Donald Trump should be granted the “full courtesy” of a state visit to the UK, the government has said in a statement sent to 1.8 million people who signed a petition against the invitation to the US president.

The petition, which is being considered for debate in parliament, called for Trump to be allowed to enter the UK but not be granted an official state visit “because it would cause embarrassment to Her Majesty the Queen”.

Trump was invited on a state visit to the UK by Theresa May as she visited Washington last month. Official invitations for such visits, which include meeting the royal family, are not usually extended to US presidents until several years into their terms.
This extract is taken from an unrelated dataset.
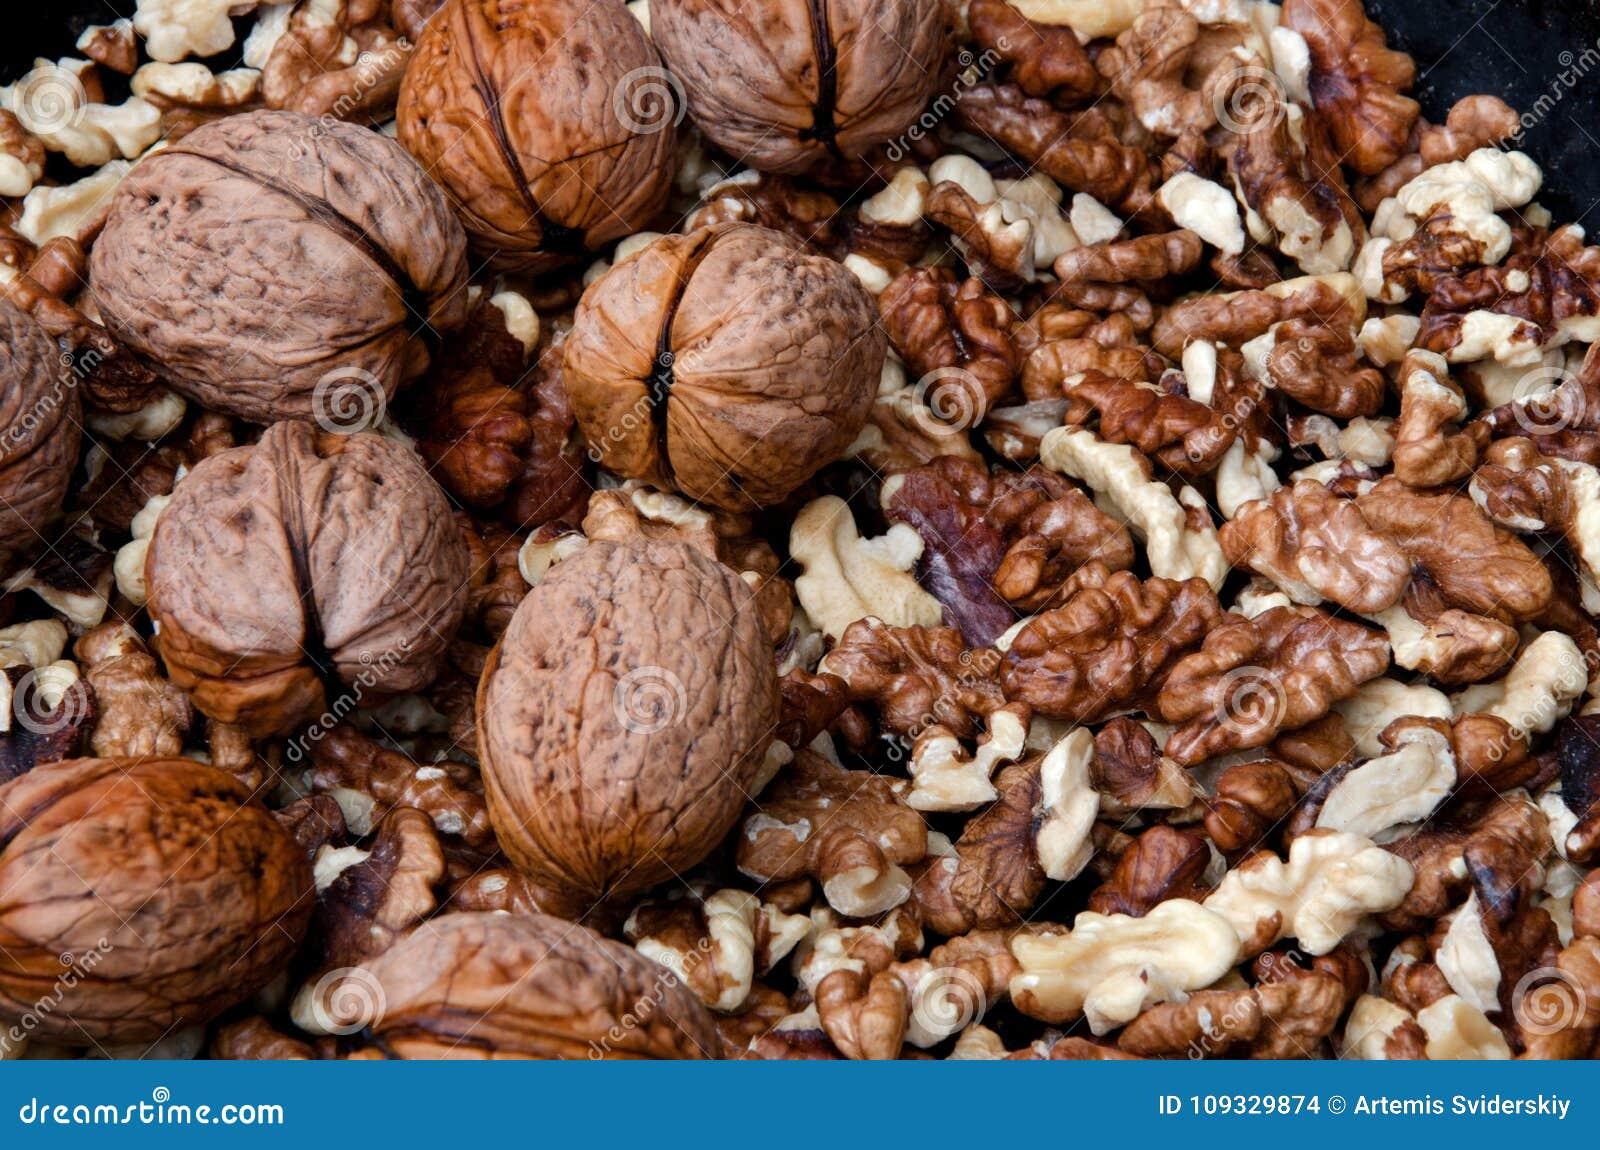 Inshell walnuts and peeled

In an email sent to petition signatories, the Foreign Office said the government “recognises the strong views expressed by the many signatories of this petition, but does not support this petition”.

Preparations would continue for the state visit, the statement said. “This invitation reflects the importance of the relationship between the United States of America and the United Kingdom. At this stage, final dates have not yet been agreed for the state visit.”
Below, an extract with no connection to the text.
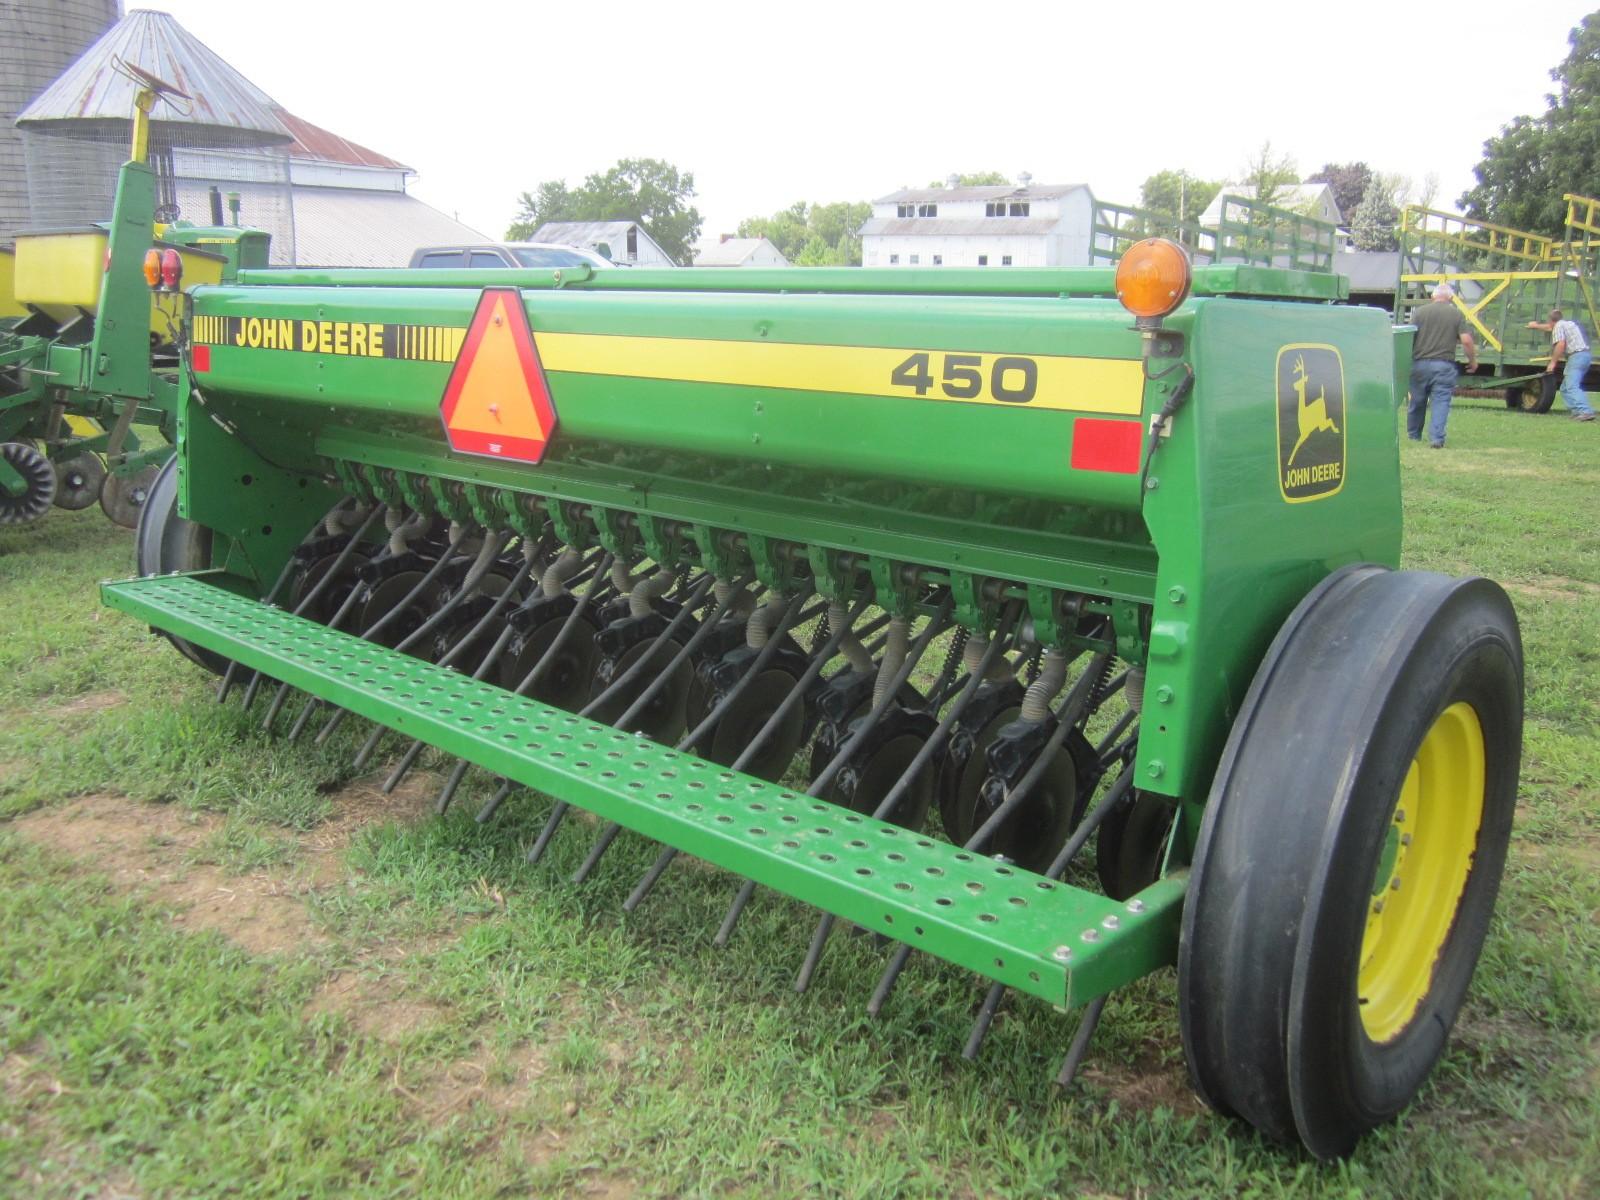 John Deere 450 drill - Farm Equipment

The visit has already been the subject of controversy in the House of Commons, after the Speaker, John Bercow, said he would refuse permission for Trump to address Westminster Hall because of parliament’s historic opposition to racisim and sexism.
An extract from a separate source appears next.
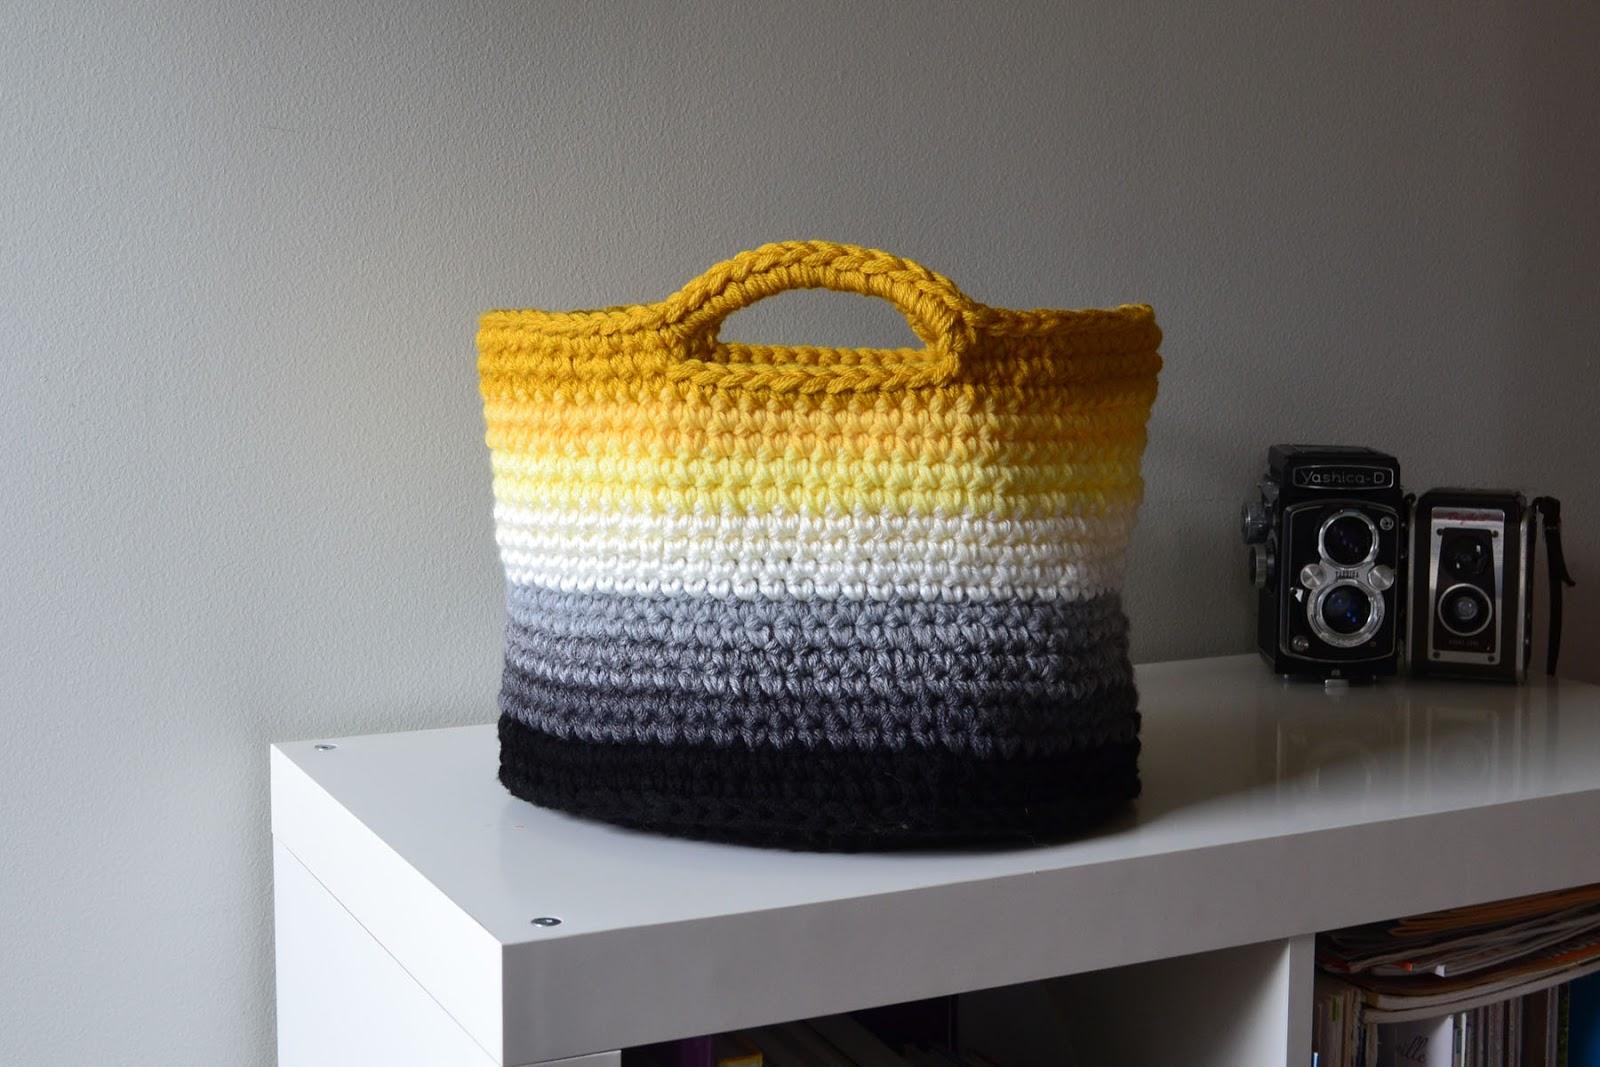 Crochet in Color: Ombre Basket Pattern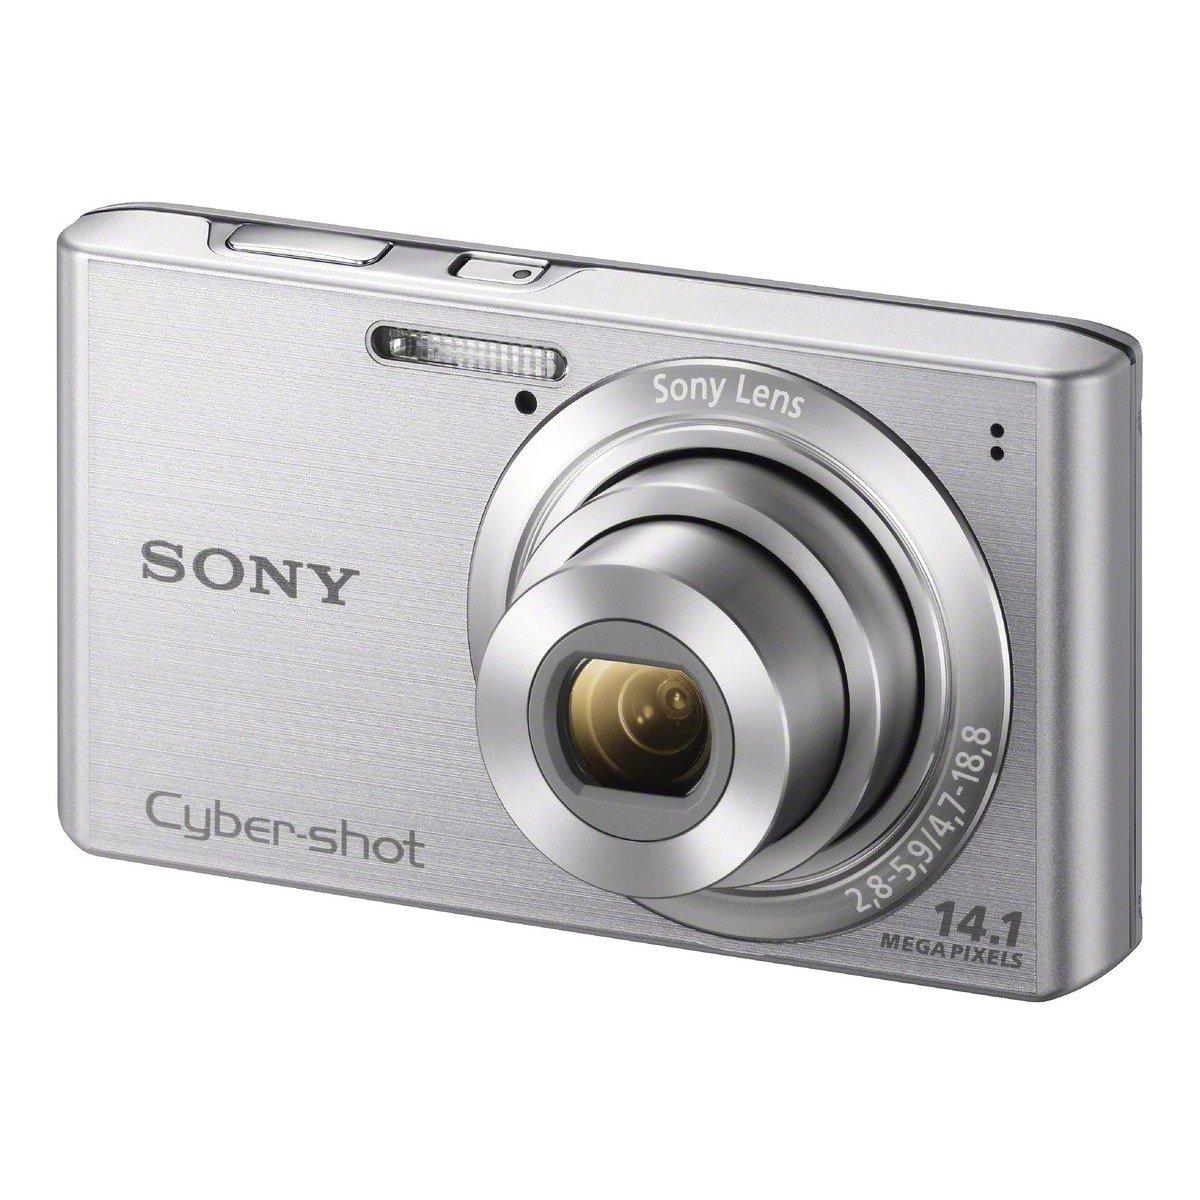 https://thetechjournal.com/wp-content/uploads/images/1201/1326861340-sony-cybershot-dscw610-141-mp-digital-camera-2.jpg

Bercow’s remarks drew calls for him to quit from some Conservative backbenchers, and MP James Duddridge is collecting signatures for a vote of no confidence in the Speaker.

However, only a handful of Tory MPs have publicly supported plans to remove Bercow, including Andrew Bridgen, Karl McCartney, Daniel Kawczynski and Nadine Dorries.

On Friday, Westminster sources told the Guardian the government was seeking to avoid a snub by scheduling Trump’s visit for late August or September, when parliament would not be sitting. Officials are also said to be keen to reduce the president’s public exposure generally during the visit, in order to minimise the opportunities for protest.

The UK’s Stop Trump Coalition of anti-Trump MPs and activists included Owen Jones, who helped organise demonstrations against the president’s executive order, later overturned, banning entry to the US from seven Muslim-majority countries.


The group, backed by trade unions including Unison and celebrities such as singer Paloma Faith, says it is planning demonstrations on 20 February to coincide with the parliamentary debate on the state visit.

Unison’s general secretary, Dave Prentis, said: “There should be no open arms welcome for Donald Trump. Protecting him from the inevitable protesters will cost millions – something the cash-strapped UK can ill afford.”

Jones, a Guardian columnist, said: “Donald Trump’s state visit will be marked by the biggest protest against racism and hatred in our country’s history. It doesn’t matter where he goes. We will march in our millions against him, and our government’s collusion, in every town and city in Britain.”

Tim Farron, the Lib Dem leader, criticised the decision to reject the petition. “The desperation of this government knows no limits,” he said.

“Maintaining communication between the USA and UK is sensible, but rolling out the red carpet to a man who stands for everything that Britain doesn’t is disgusting. Millions of Brits have called for this visit not to happen, and millions more want nothing to do with a man intent on promoting sexism and racism in everything he does.”